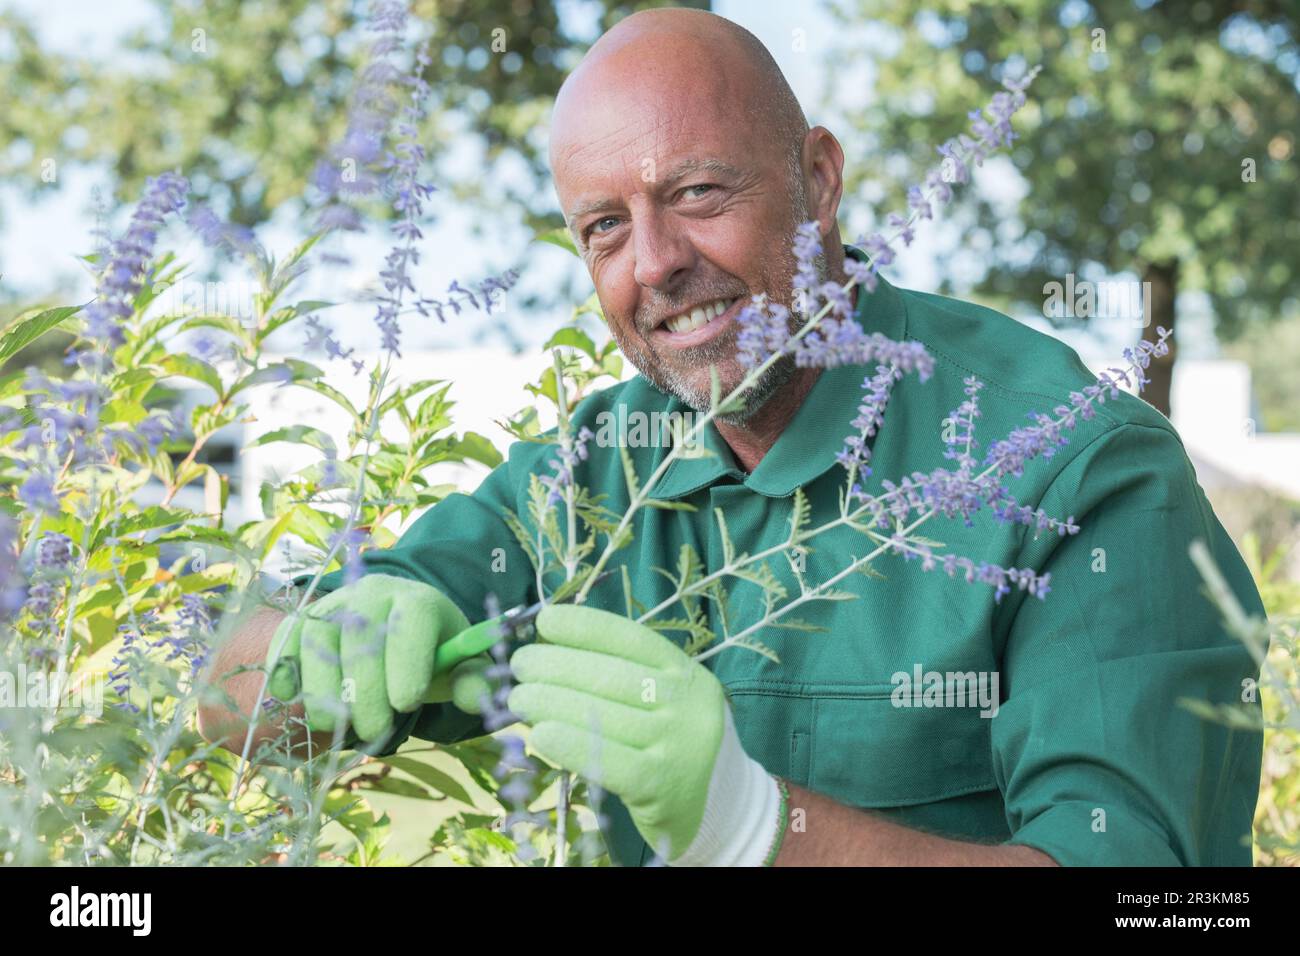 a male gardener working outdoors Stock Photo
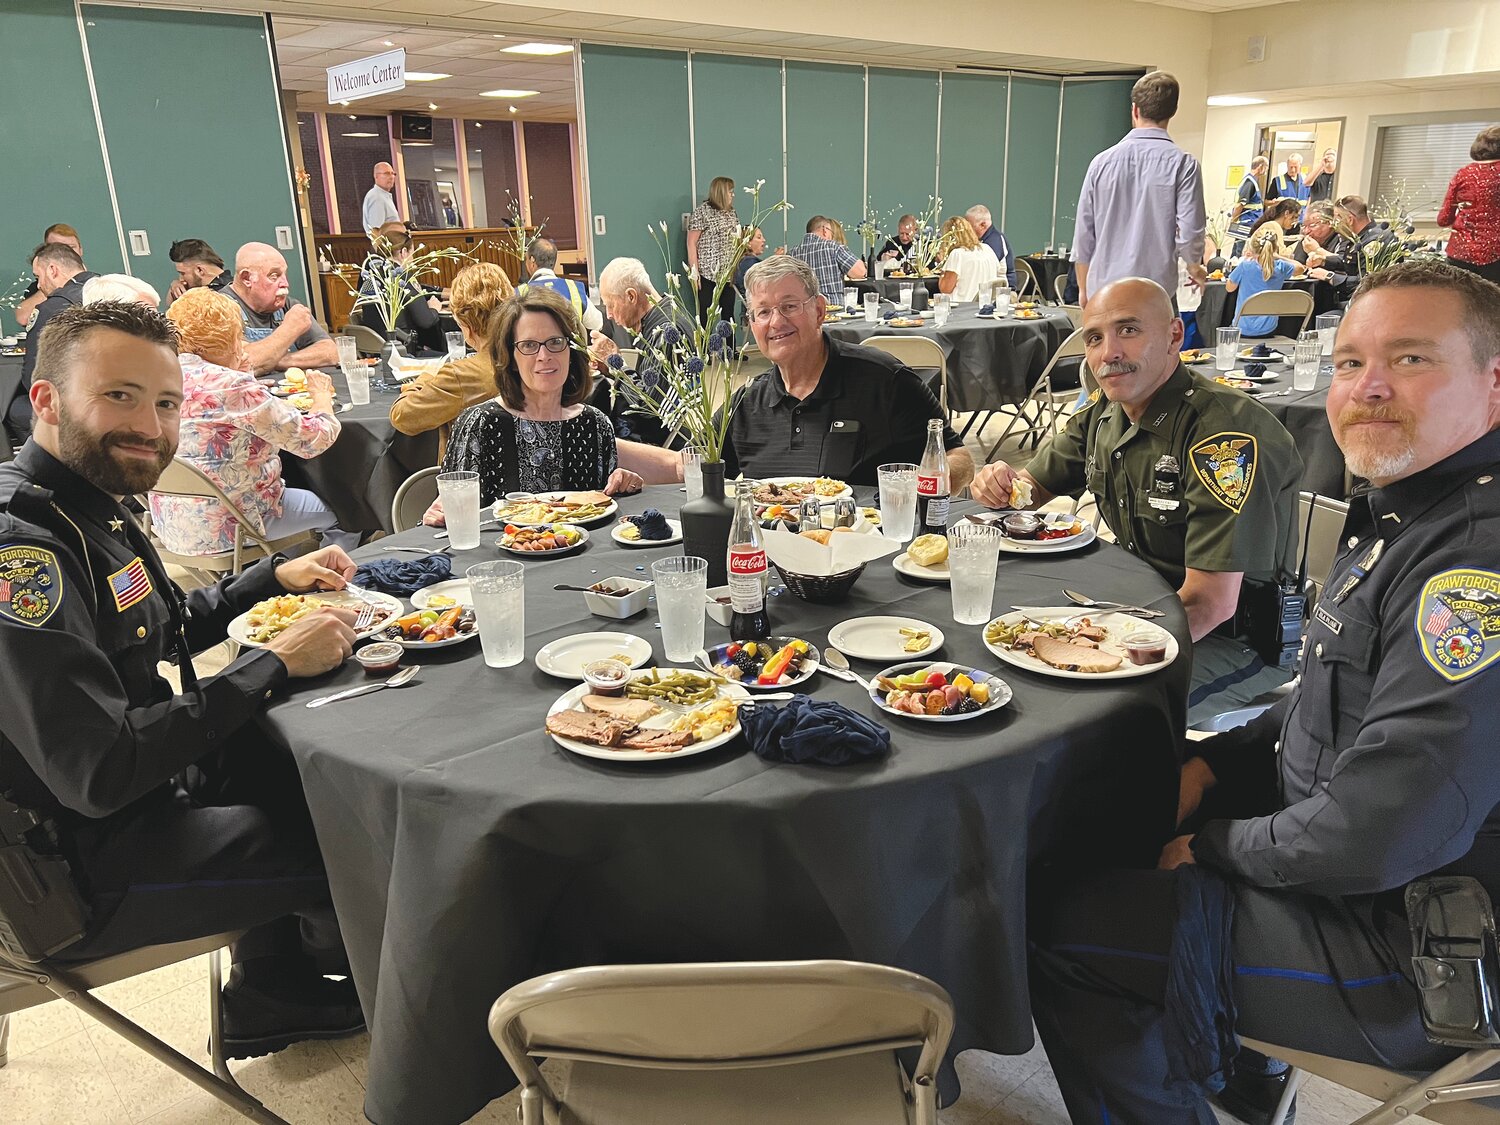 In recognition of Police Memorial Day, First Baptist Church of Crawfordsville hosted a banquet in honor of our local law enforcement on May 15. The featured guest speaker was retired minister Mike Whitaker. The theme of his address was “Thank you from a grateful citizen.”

++++++++

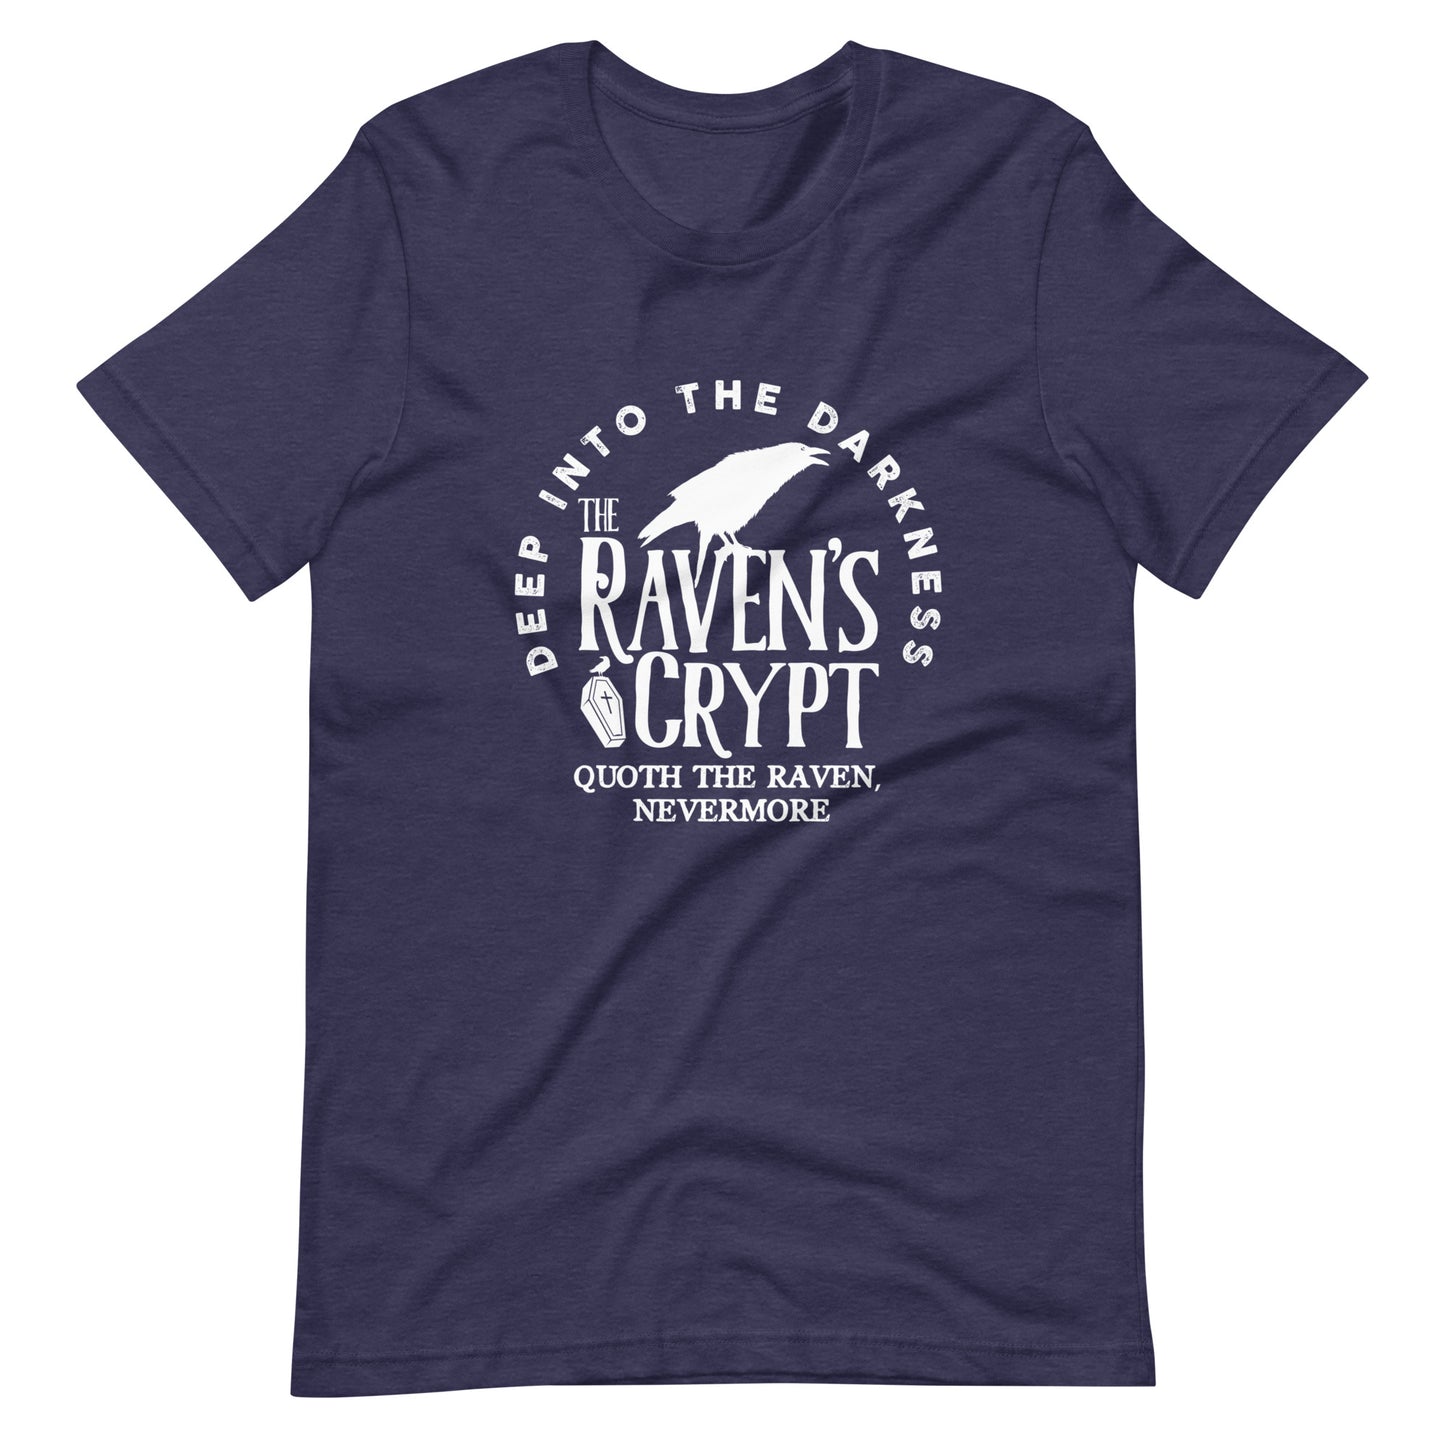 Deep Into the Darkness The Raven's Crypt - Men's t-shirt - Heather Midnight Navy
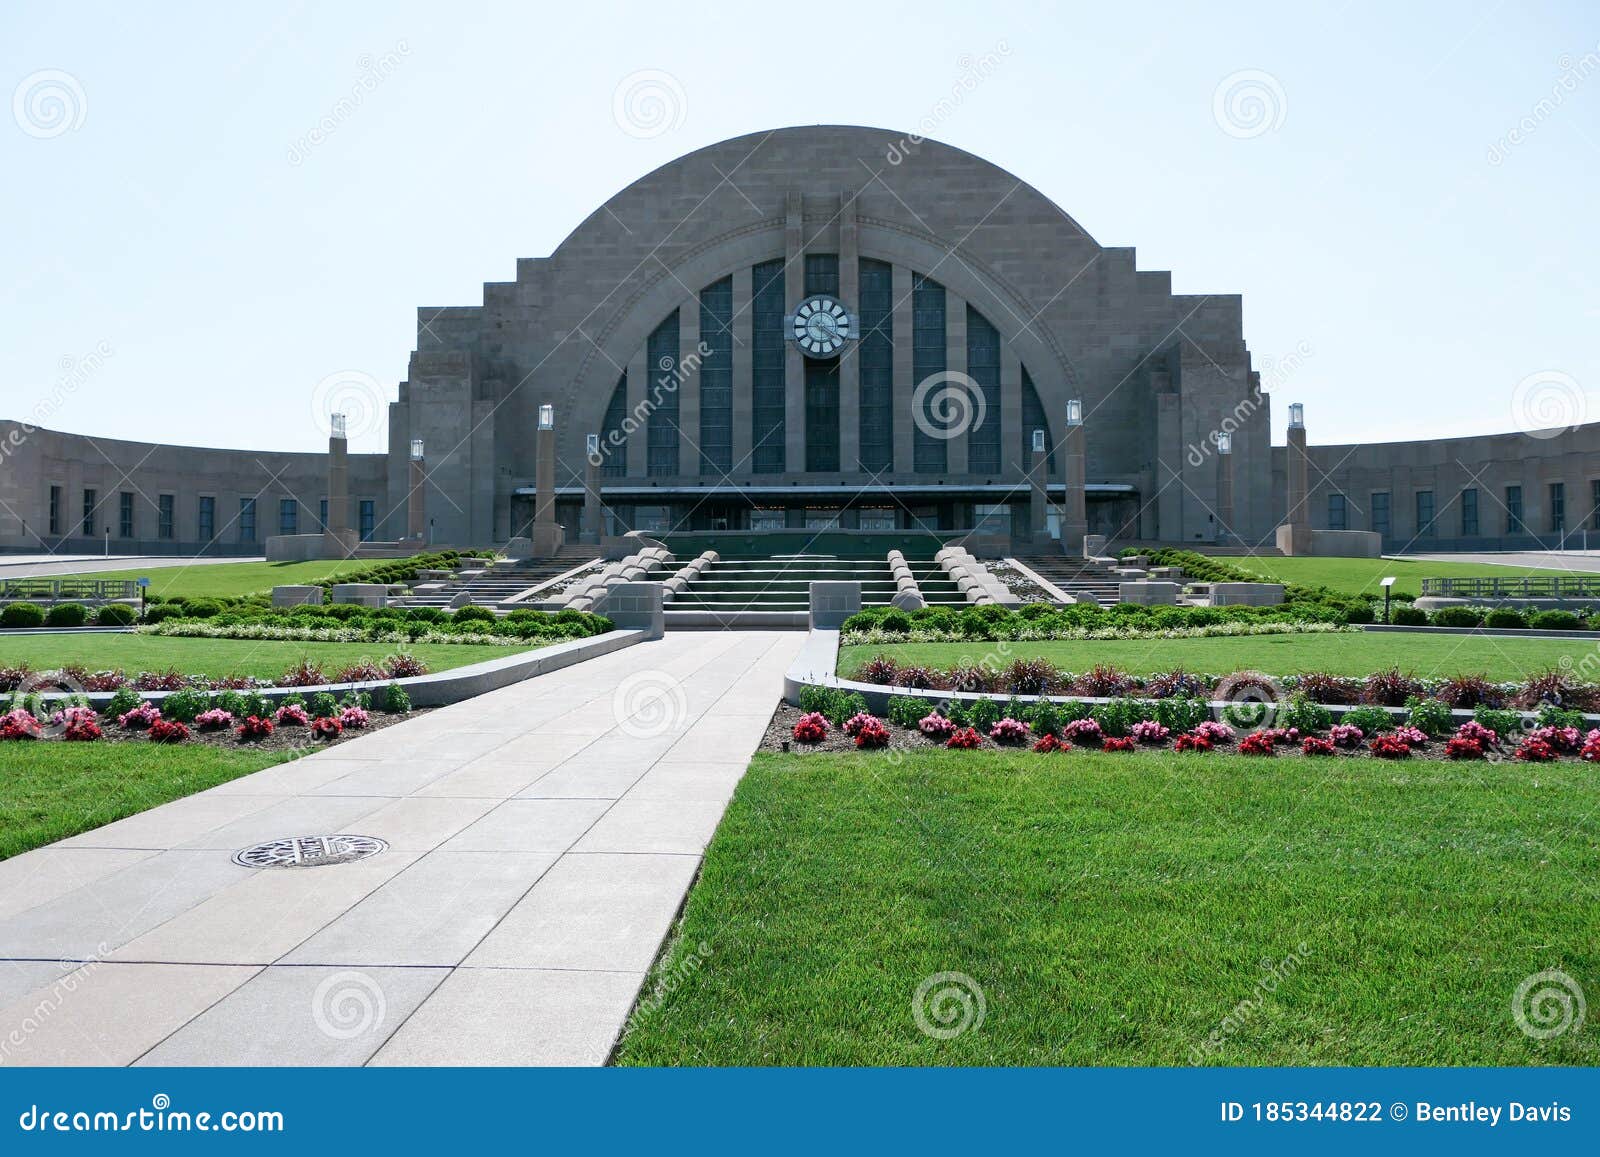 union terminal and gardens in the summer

++++++++

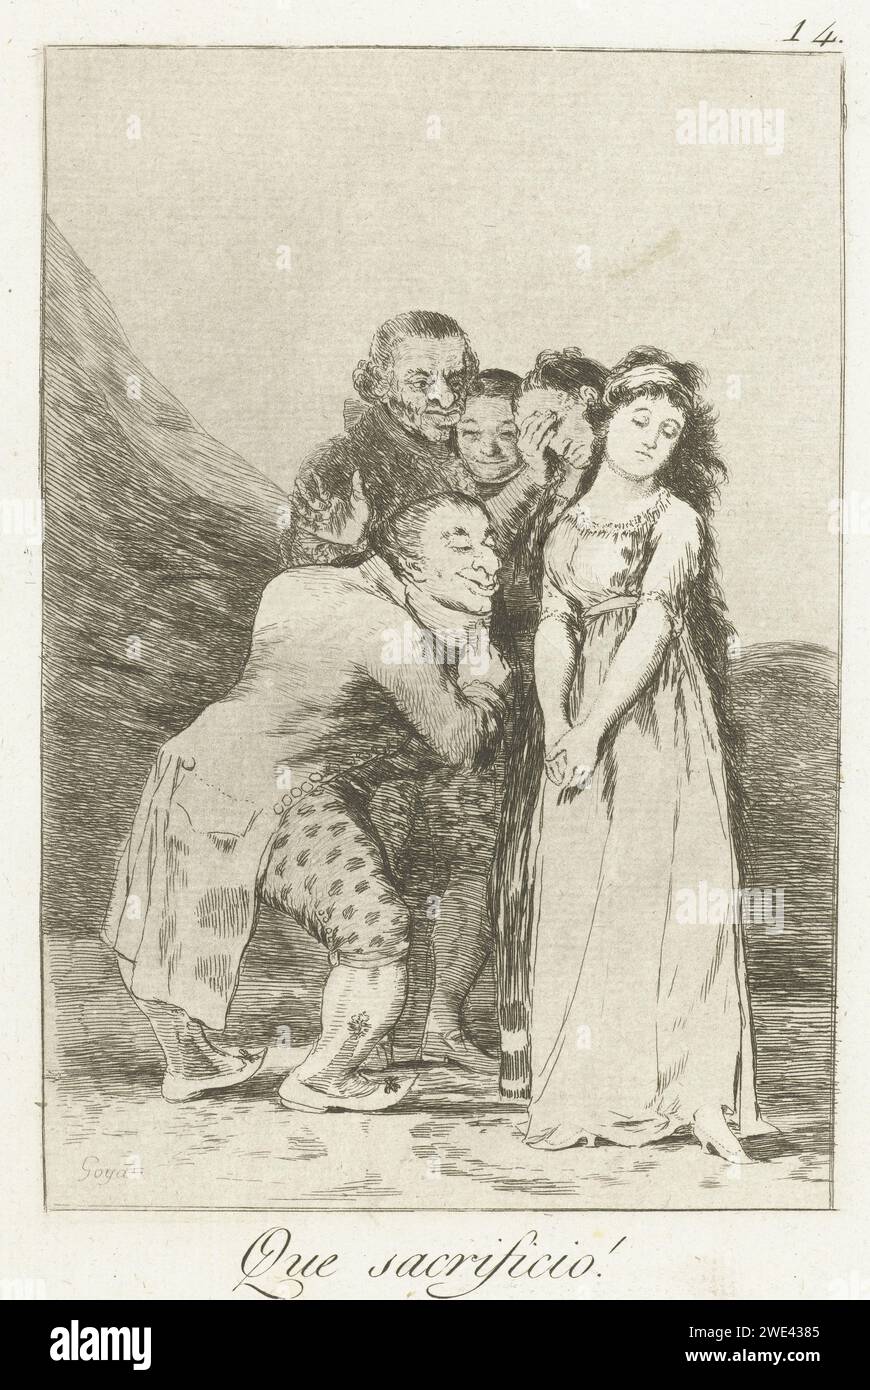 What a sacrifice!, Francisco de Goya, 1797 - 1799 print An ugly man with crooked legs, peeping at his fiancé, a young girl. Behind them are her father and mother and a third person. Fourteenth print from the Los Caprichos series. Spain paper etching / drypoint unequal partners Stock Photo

++++++++

_Task statement_
What you return must match the lines above from the one with "Deep Into the" through the one with "union terminal and gardens in the summer" exactly, with both ends included and the pictures excluded.

_Exercise answer_
 Deep Into the Darkness The Raven's Crypt - Men's t-shirt - Heather Midnight Navy
 union terminal and gardens in the summer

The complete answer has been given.